You can call it a purple platypus if you want, but it's irrelevant to the matter under discussion, i.e., whether there is a functional reason to paint the ends of a jo so that you can tell one end from the other. Can you name a kata where the ends of the jo are differentiated, such that only one end can be used for a given technique? No? Then there's no need to mark a "this end" and a "that end", no matter what the antecedents may be.

Flintstone
07-28-2010, 08:28 AM
You can call it a purple platypus if you want, but it's irrelevant to the matter under discussion, i.e., whether there is a functional reason to paint the ends of a jo so that you can tell one end from the other. Can you name a kata where the ends of the jo are differentiated, such that only one end can be used for a given technique? No? Then there's no need to mark a "this end" and a "that end", no matter what the antecedents may be.
Shall I repost my list?

cguzik
07-28-2010, 08:39 AM
Keith,
Those are excellent points. Thanks for highlighting them.
Chris

RED
07-28-2010, 10:31 AM
Regardless of whether or not it is useful to have colored tips, they are very pretty. Thanks for sharing.

OwlMatt
07-29-2010, 08:47 AM
You can call it a purple platypus if you want, but it's irrelevant to the matter under discussion, i.e., whether there is a functional reason to paint the ends of a jo so that you can tell one end from the other.
On the contrary, what I said was very relevant and made a very real distinction. You can refute it if you want- in fact, please do; this is what good discussion is all about- but to carelessly dismiss it as meaningless semantics doesn't get anyone anywhere.
Can you name a kata where the ends of the jo are differentiated, such that only one end can be used for a given technique? No? Then there's no need to mark a "this end" and a "that end", no matter what the antecedents may be.
A kata, in and of itself, differentiates nothing. It is a sequence of movements with no mind of its own. Move here, tsuki, block, yokomen, etc. To find out whether or not a kata favors one end of the jo in a certain way, one would either have to study it extensively or try doing it with a marked jo. I have already admitted that I have attempted neither, so I have no concrete evidence to prove anything to you. But I think it would be interesting to look into, and my sensei indicates that it might be quite revealing.

lbb
07-29-2010, 09:10 AM
A kata, in and of itself, differentiates nothing. It is a sequence of movements with no mind of its own. Move here, tsuki, block, yokomen, etc.
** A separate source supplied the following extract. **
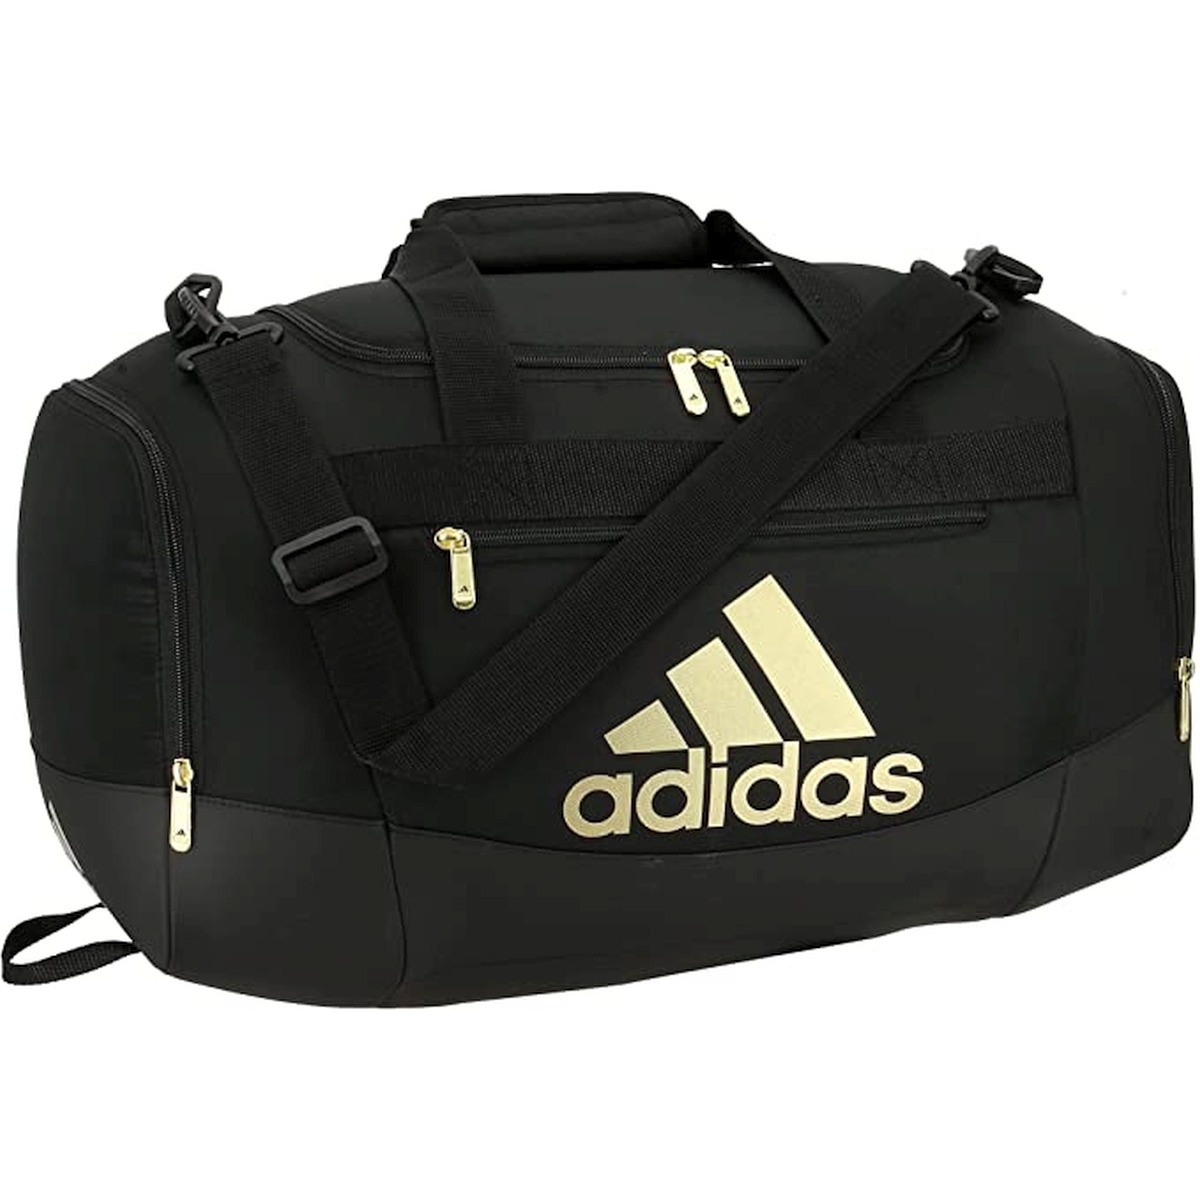 Adidas Defender IV Small Duffel Bag (Black/Gold Metallic)
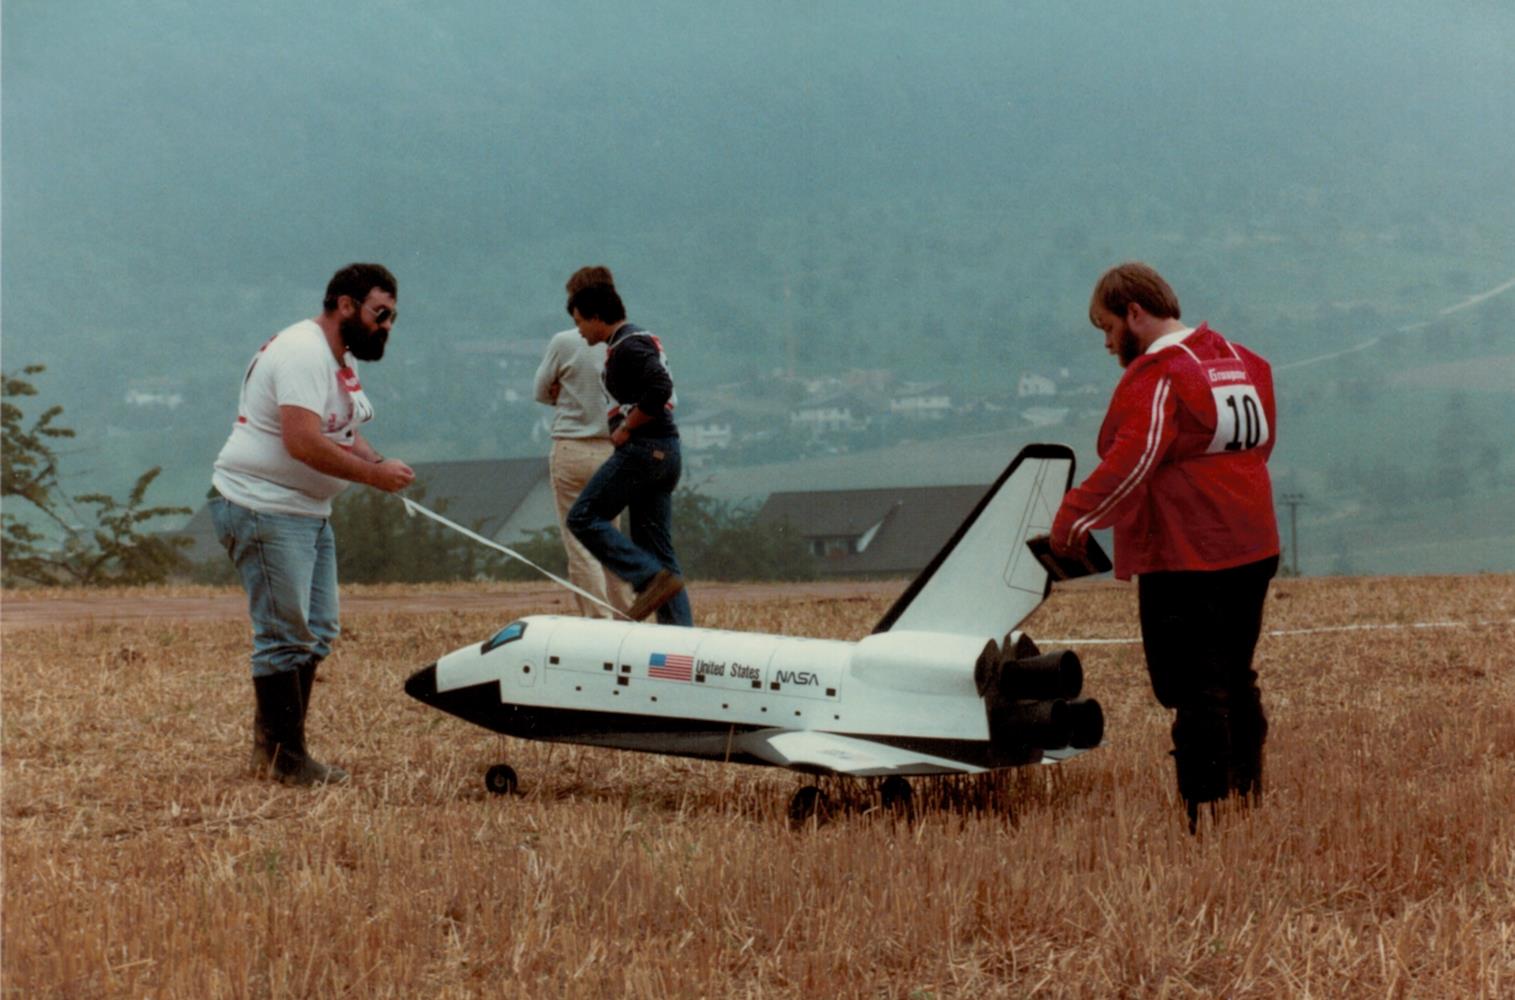 Rolf in 1985 am Flugtag Büren als Pilot des legendären Space Shuttle aus Styropor

I disagree with this statement profoundly and fundamentally. That being the case, I don't think we have sufficient common points to continue this discussion.

Carsten Möllering
07-29-2010, 11:12 AM
Hm, when using a jo I don't look at it. Neither when doing aikijo nor when doin jo jutsu.
So I wouldn't see or recognize colours on it while using it.

Second: In most dojo I know, the only colours - black and white left aside - can be found if shomen is decorated with flowers.
A coloured jo would be very "disturbing".
(I think most dojo I know, would offer the owner of a coloured jo one of the dojo-weapons. Very politely, but firmly.)

Third in our training we "exchange" the ends of the jo. There are a lot of such changes. They seem typical because a jo is not a yari or naginata or bo.

At last: My own weapons have been expensive and are handmade. I would regret it if the colour of someones jo would rub off on them.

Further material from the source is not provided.